• [Supplied information]:
======

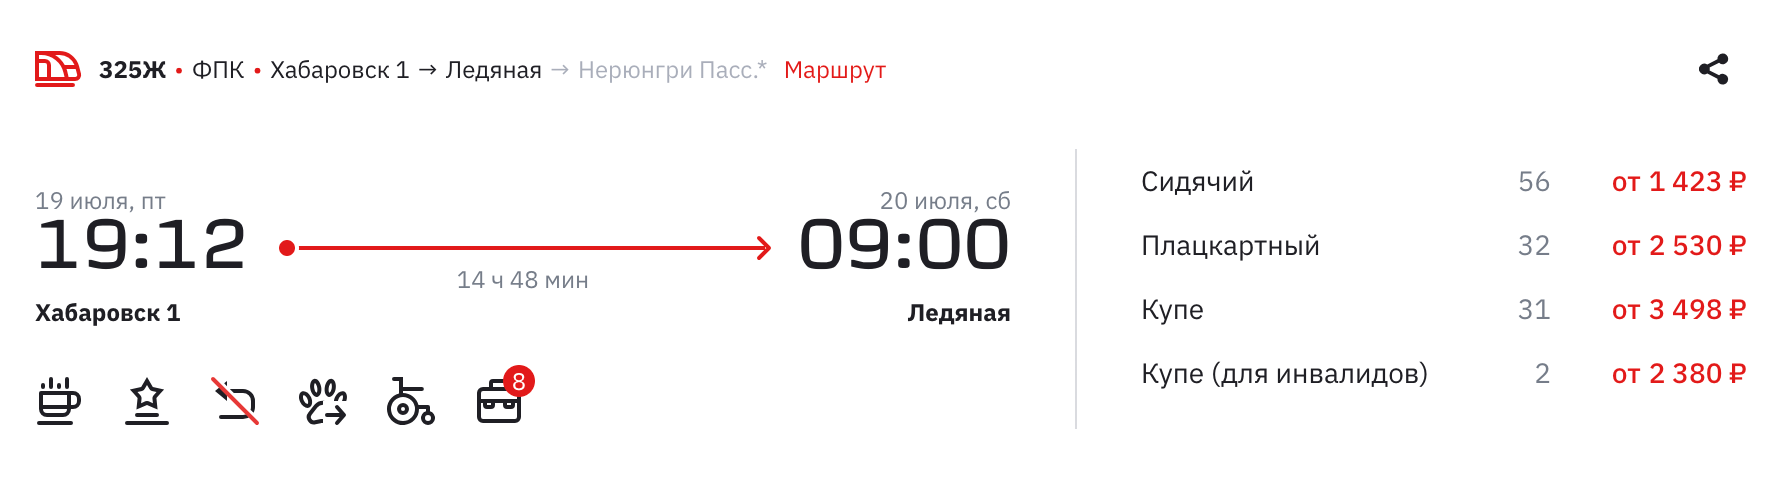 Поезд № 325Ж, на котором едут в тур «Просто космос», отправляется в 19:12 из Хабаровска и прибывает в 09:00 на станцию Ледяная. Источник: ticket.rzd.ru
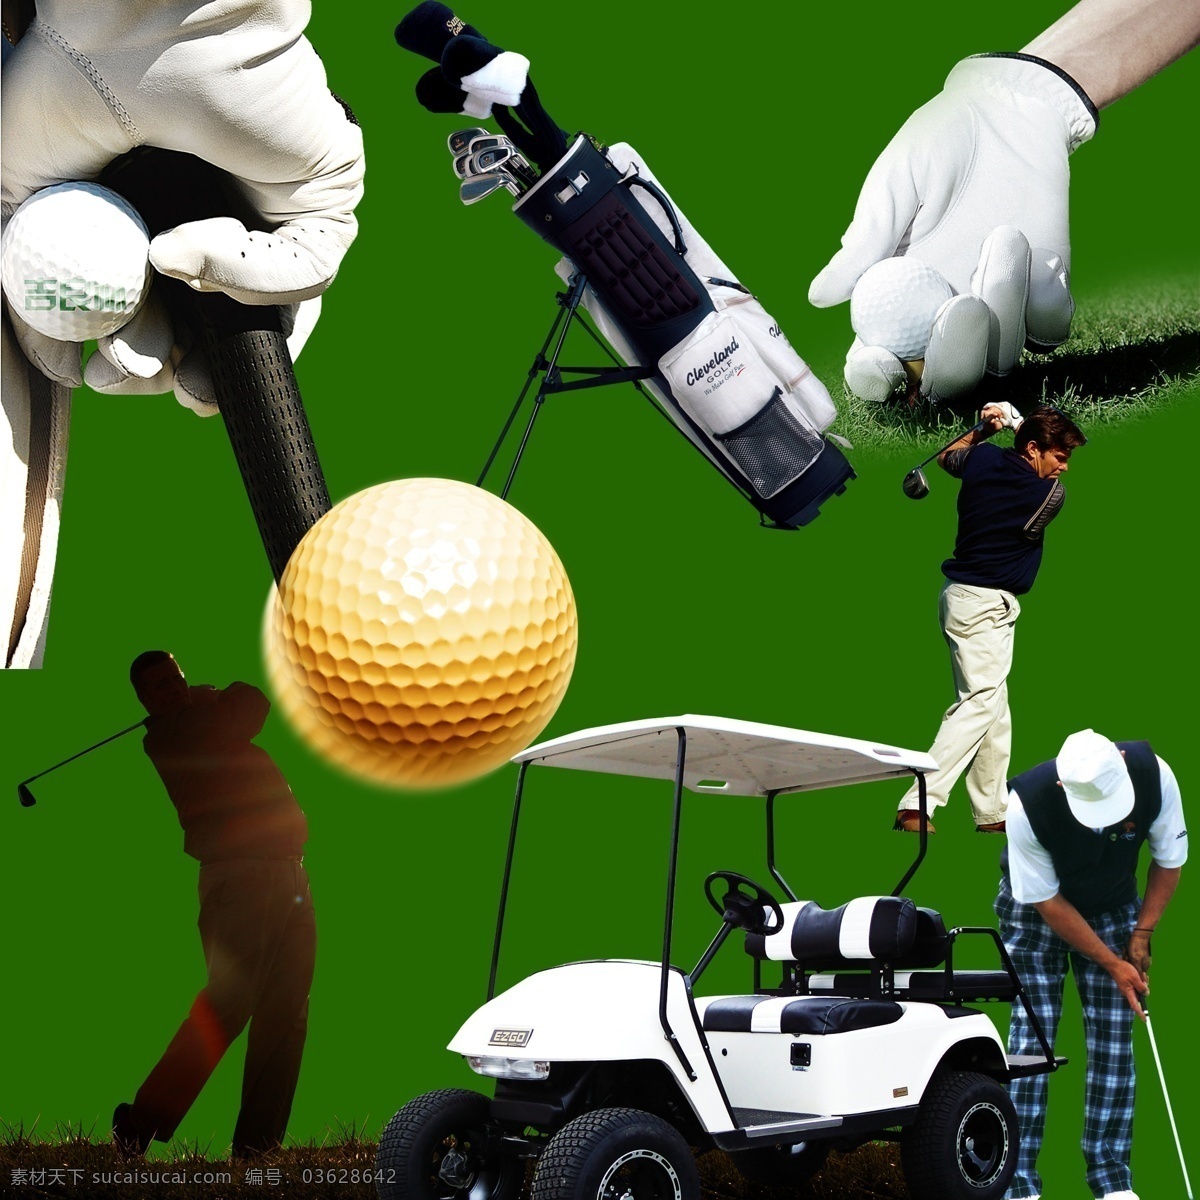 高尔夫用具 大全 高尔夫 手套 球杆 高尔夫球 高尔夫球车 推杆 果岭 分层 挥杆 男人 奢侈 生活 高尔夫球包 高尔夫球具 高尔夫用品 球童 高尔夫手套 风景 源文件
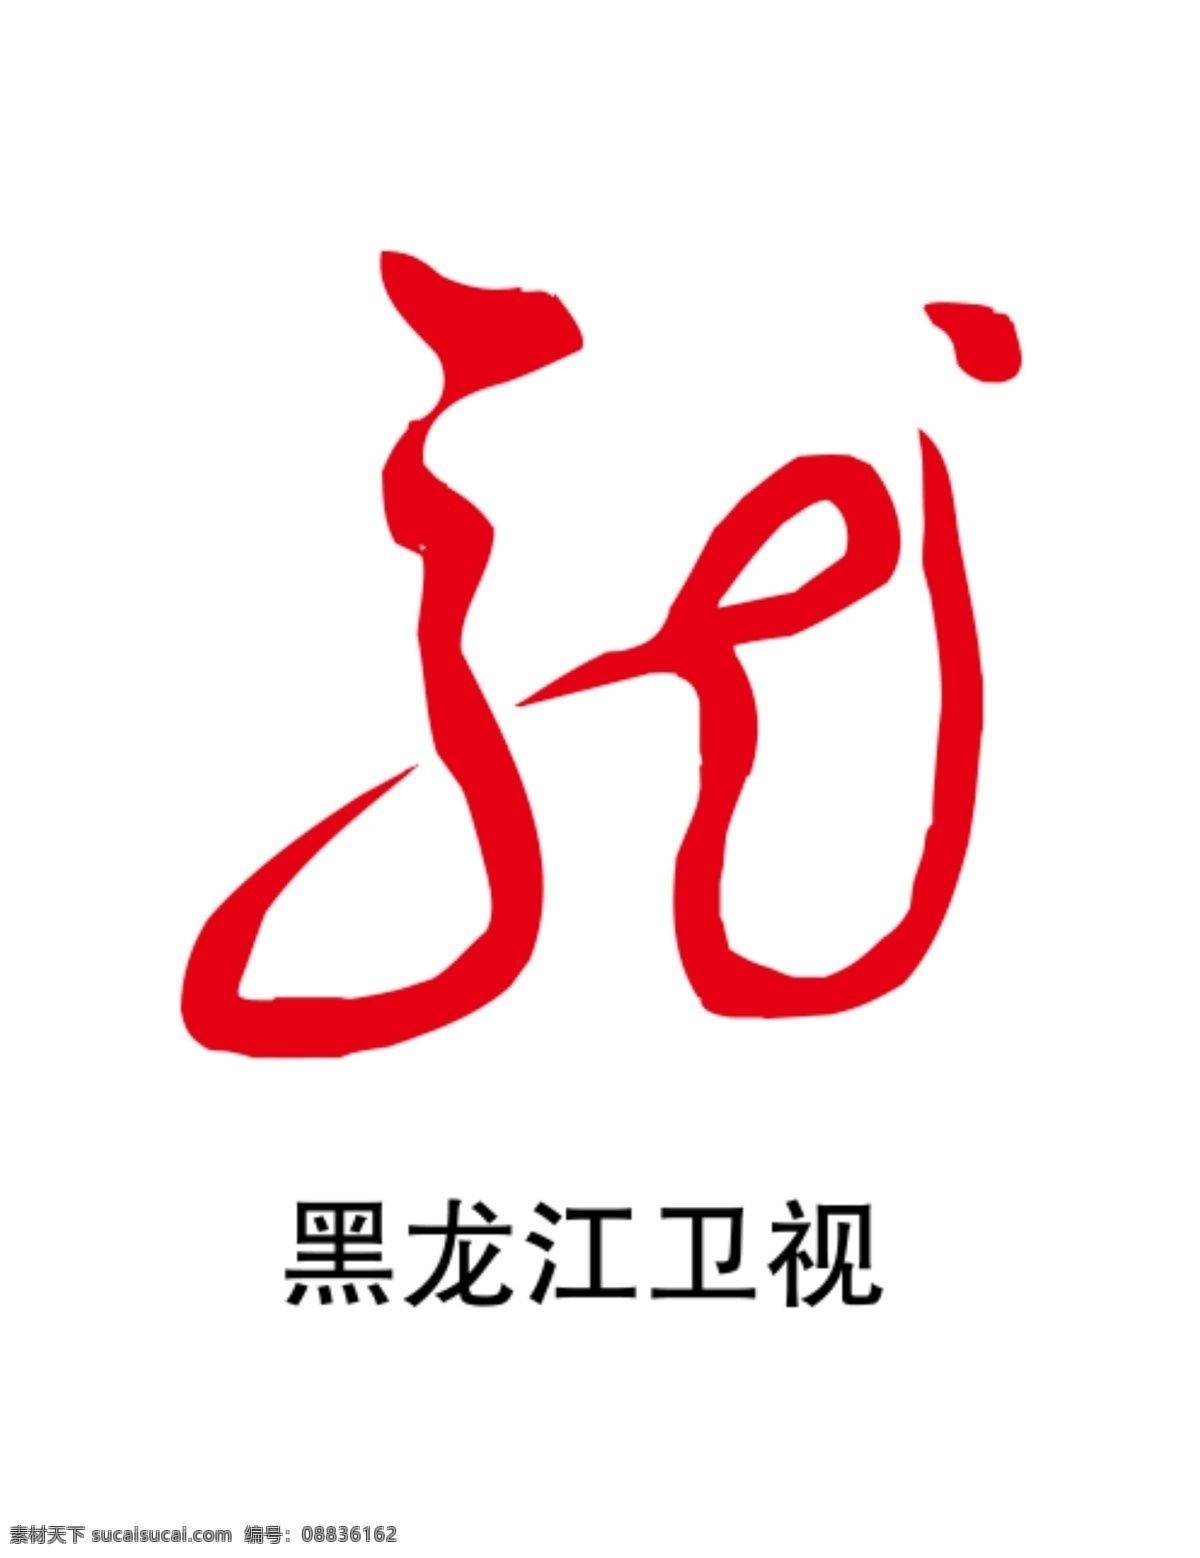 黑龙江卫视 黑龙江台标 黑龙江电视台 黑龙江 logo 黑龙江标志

======

• [Your objective]:
Set down word for word, from the line that contains "高尔夫用具 大全 高尔夫" to the end of the listing above, every line and no picture.

• [Response area]:
 高尔夫用具 大全 高尔夫 手套 球杆 高尔夫球 高尔夫球车 推杆 果岭 分层 挥杆 男人 奢侈 生活 高尔夫球包 高尔夫球具 高尔夫用品 球童 高尔夫手套 风景 源文件
 黑龙江卫视 黑龙江台标 黑龙江电视台 黑龙江 logo 黑龙江标志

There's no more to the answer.